The crucial observation in creating layers compatible with irrep-valued features is that while scalar features can be treated pointwise, as in an ordinary network, the components of vectors and tensors must be transformed together, rather than treated as tuples of scalar values.

In line with Weiler et al. (2018) we use gated nonlinearities, in which an auxiliary scalar feature calculated from the irreducible feature is used passed through a sigmoid nonlinearity, which is then multiplied with the feature to induce a nonlinear response.

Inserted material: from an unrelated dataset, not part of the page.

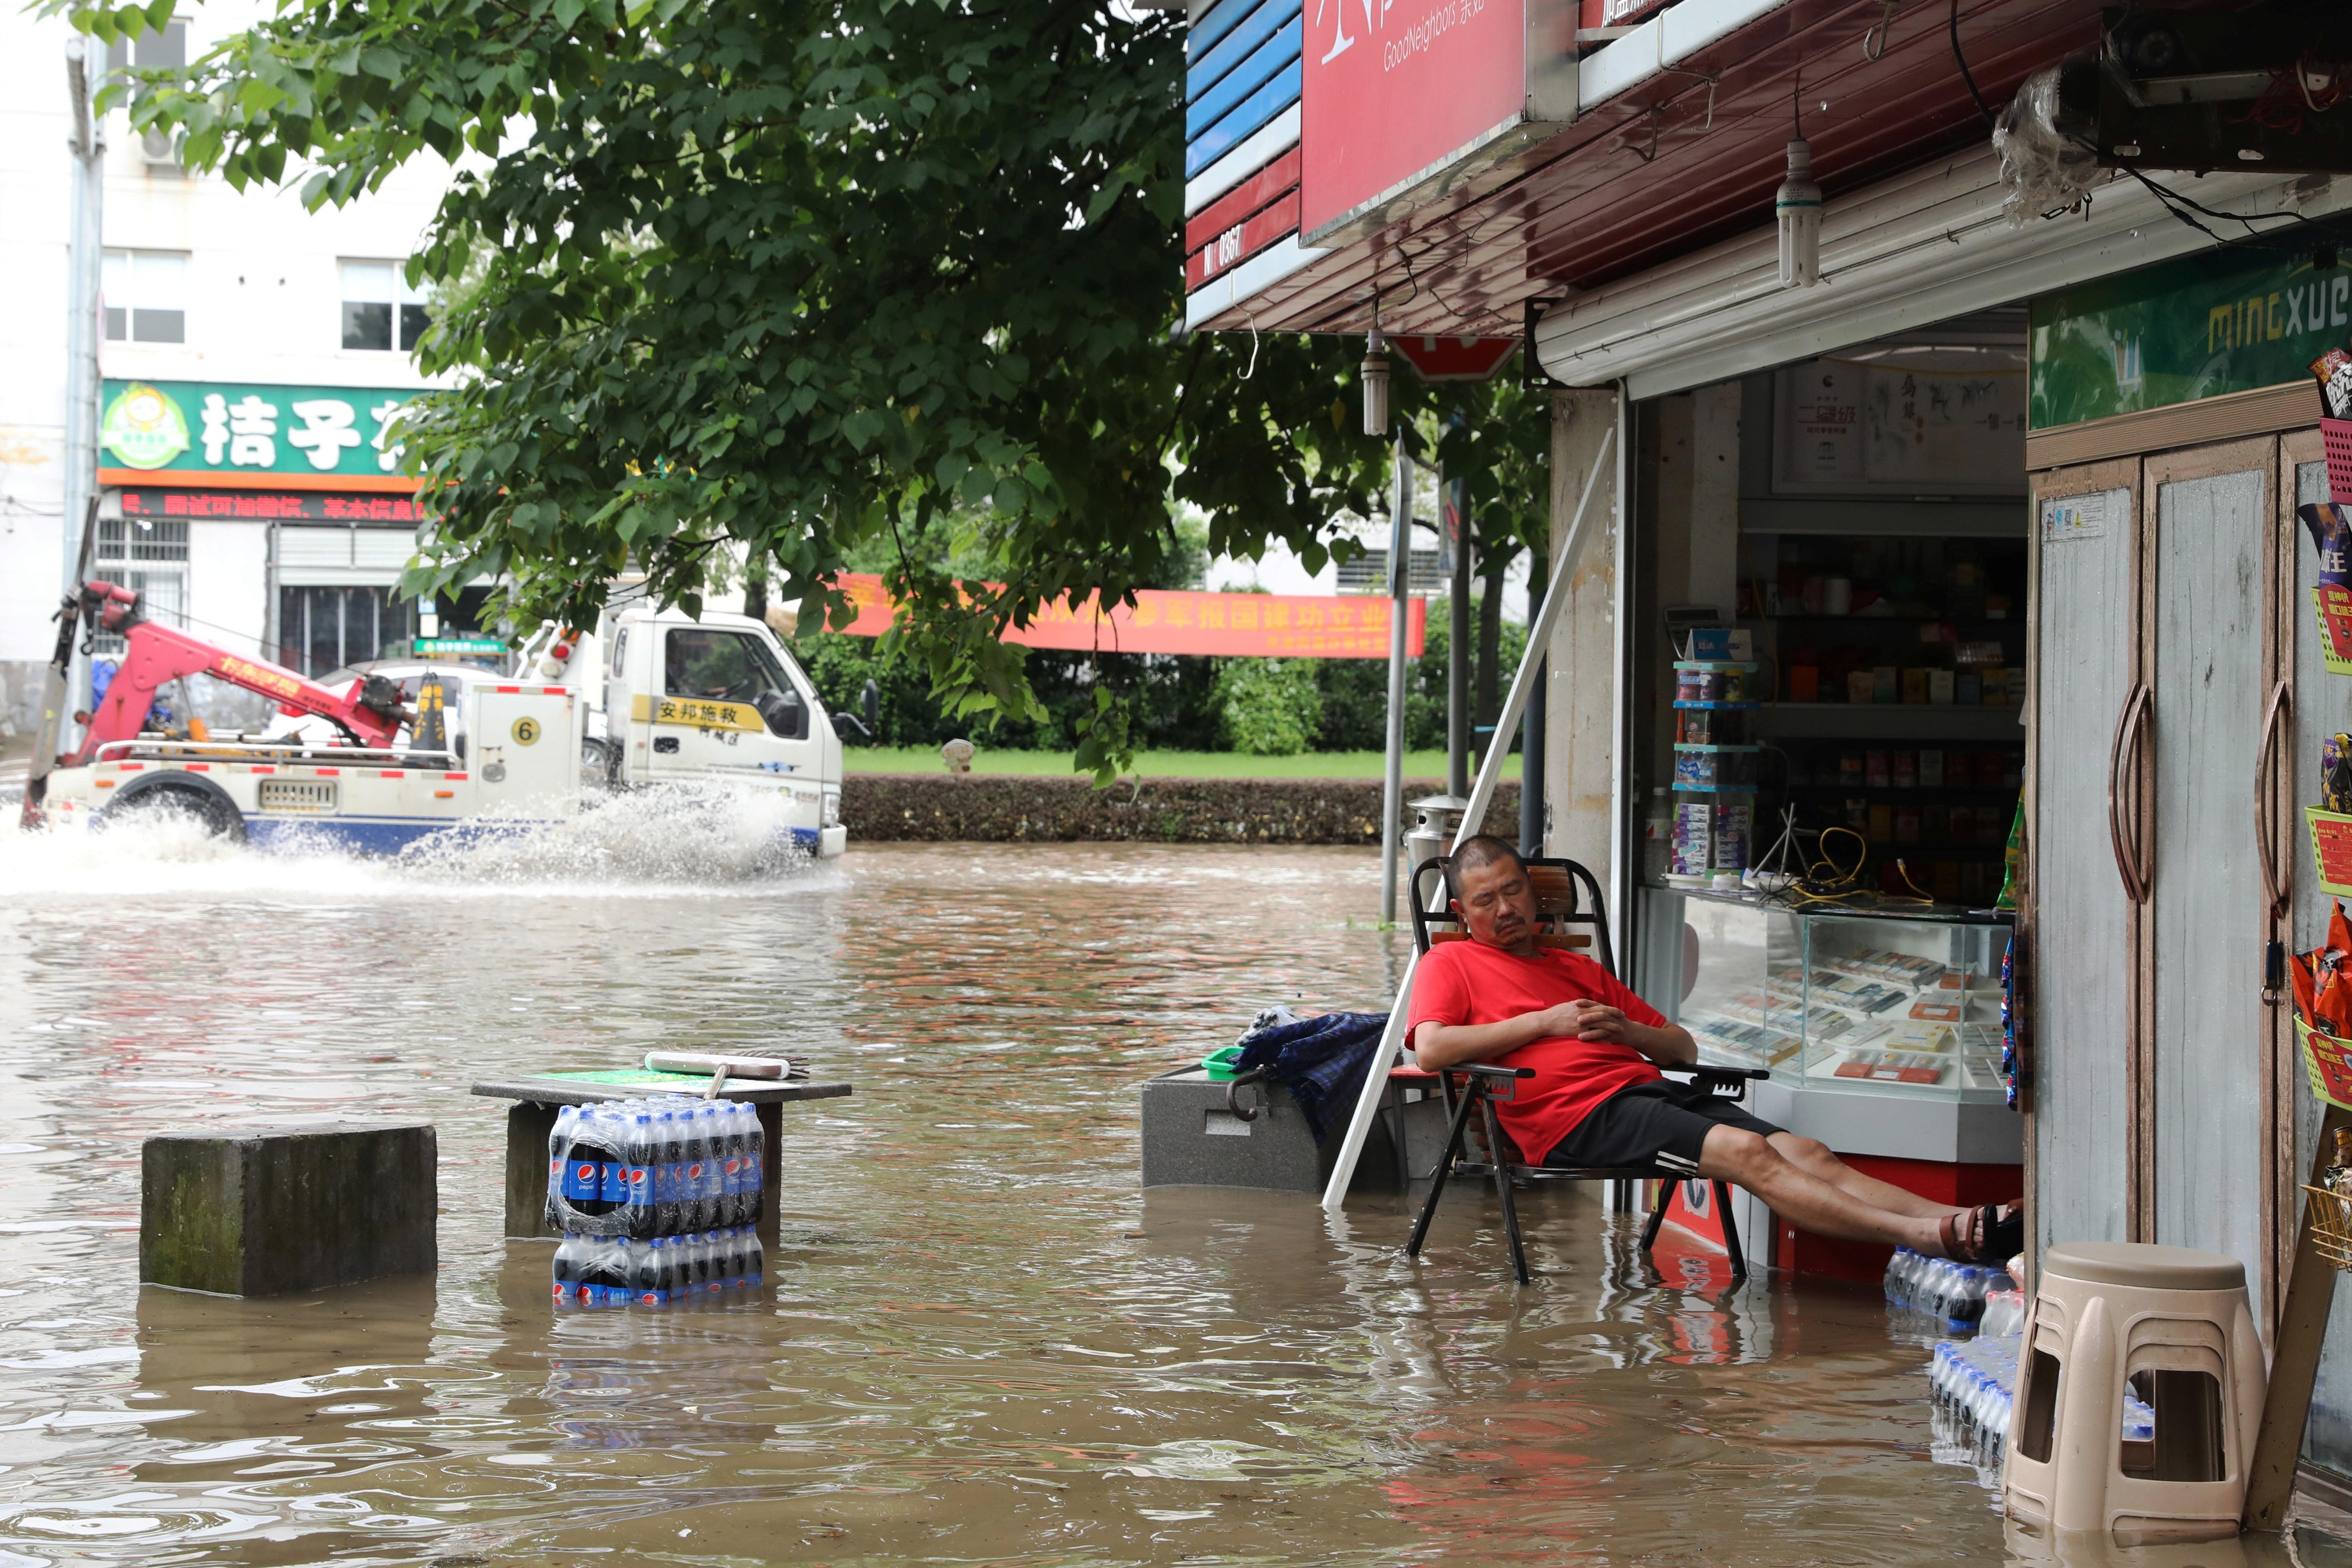 Chùm ảnh lũ lụt kinh hoàng ở Trung Quốc - 6

For the encoding path, we apply ordinary max-pooling to the scalar valued feature components. For a vector or tensor valued component $v$ , we pool by keeping the vector with the greatest $l^{2}$ norm (Cesa et al., 2021).

We apply ordinary instance normalization (Ulyanov et al., 2016) to the scalar features. Similarly, to instance-normalize a vector- or tensor-valued feature $v$ we divide by the mean $l^{2}$ norm of that feature per instance: $\textrm{norm(v)}:=v/{\mathbb{E}(\|v\|)}$

2.4 Related Work

To build our proposed architecture we have made heavy use of the e3nn framework for developing equivariant neural networks: however there are other packages for creating equivariant networks available. The escnn package, Cesa et al. (2021), in particular provides layers for building E(2)- and E(3)-equivariant networks; indeed, the max-pooling and instance normalization layers are equivalent to those we use in our network.

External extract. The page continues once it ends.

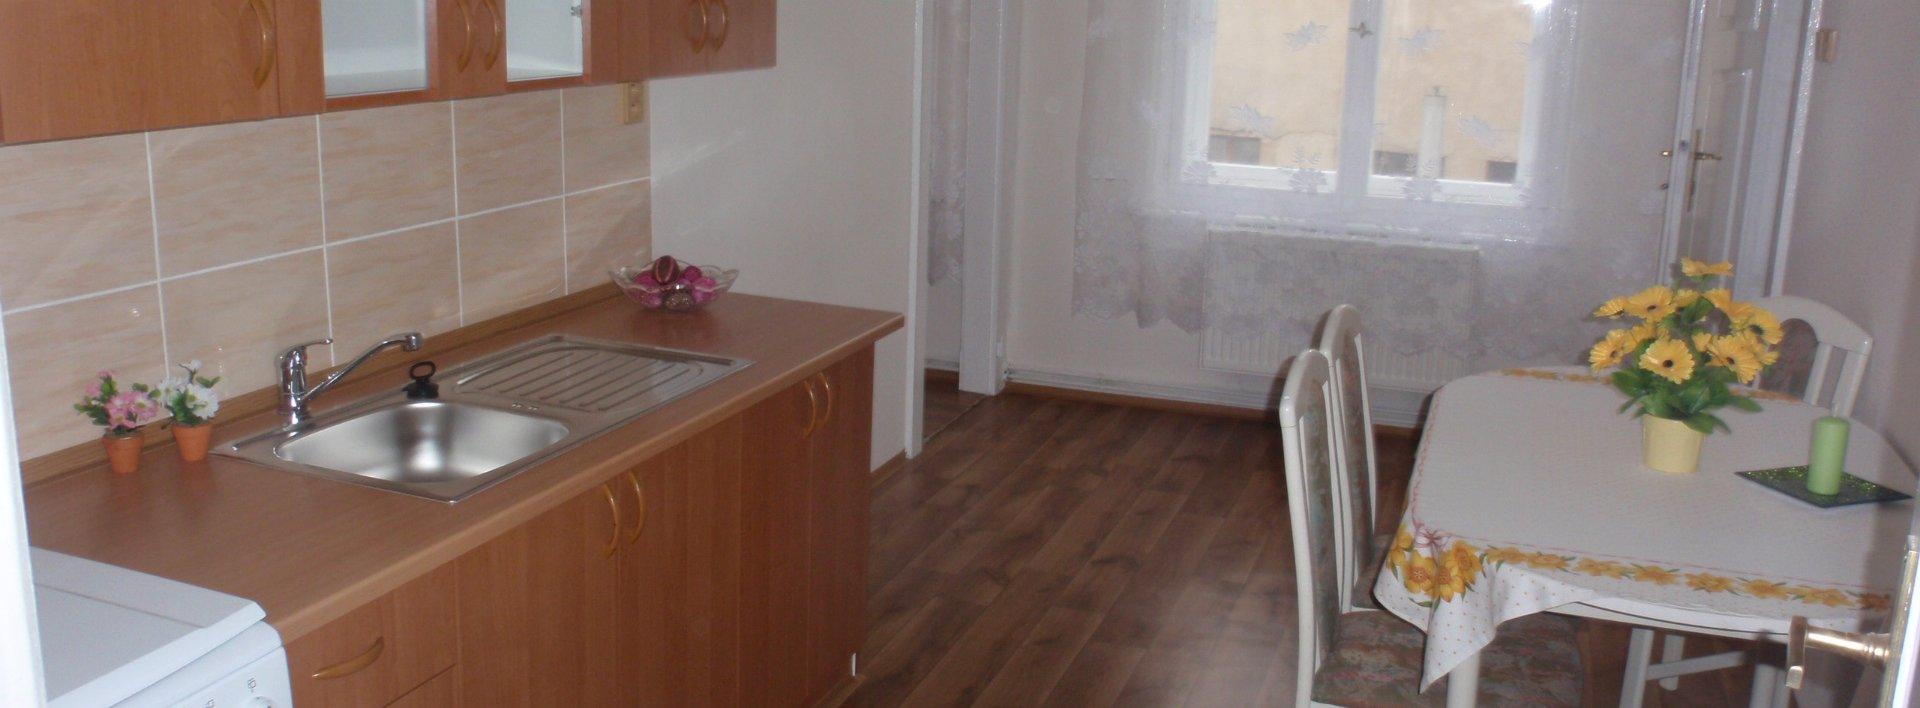 Pronájem bytu 3+1, 112m² - ul. 5. května, Liberec, Ev.č.: N49226

Previously published rotation-equivariant Unets have been restricted to 2D data and G-CNN layers (Chidester et al., 2019; Linmans et al., 2018; Pang et al., 2020; Winkens et al., 2018). A preprint describing a segmentation network based on e3nn filters applied to multiple sclerosis segmentation for the specific use case of 6 six-dimensional diffusion MRI data is available (Müller et al., 2021): in this particular setting each voxel carries three dimensional q-space data, with the network capturing equivariance in both voxel space and q-space. In contrast to the current paper, ordinary (non-equivariant) networks were unable to adequately perform the required segmentation task (lesion segmentation from diffusion data). This leaves the question open of whether equivariant networks have advantages over plain CNNs in the case of more typical 3D medical data. Here we show that end-to-end equivariant networks are indeed advantageous even when operating on scalar-valued inputs and outputs.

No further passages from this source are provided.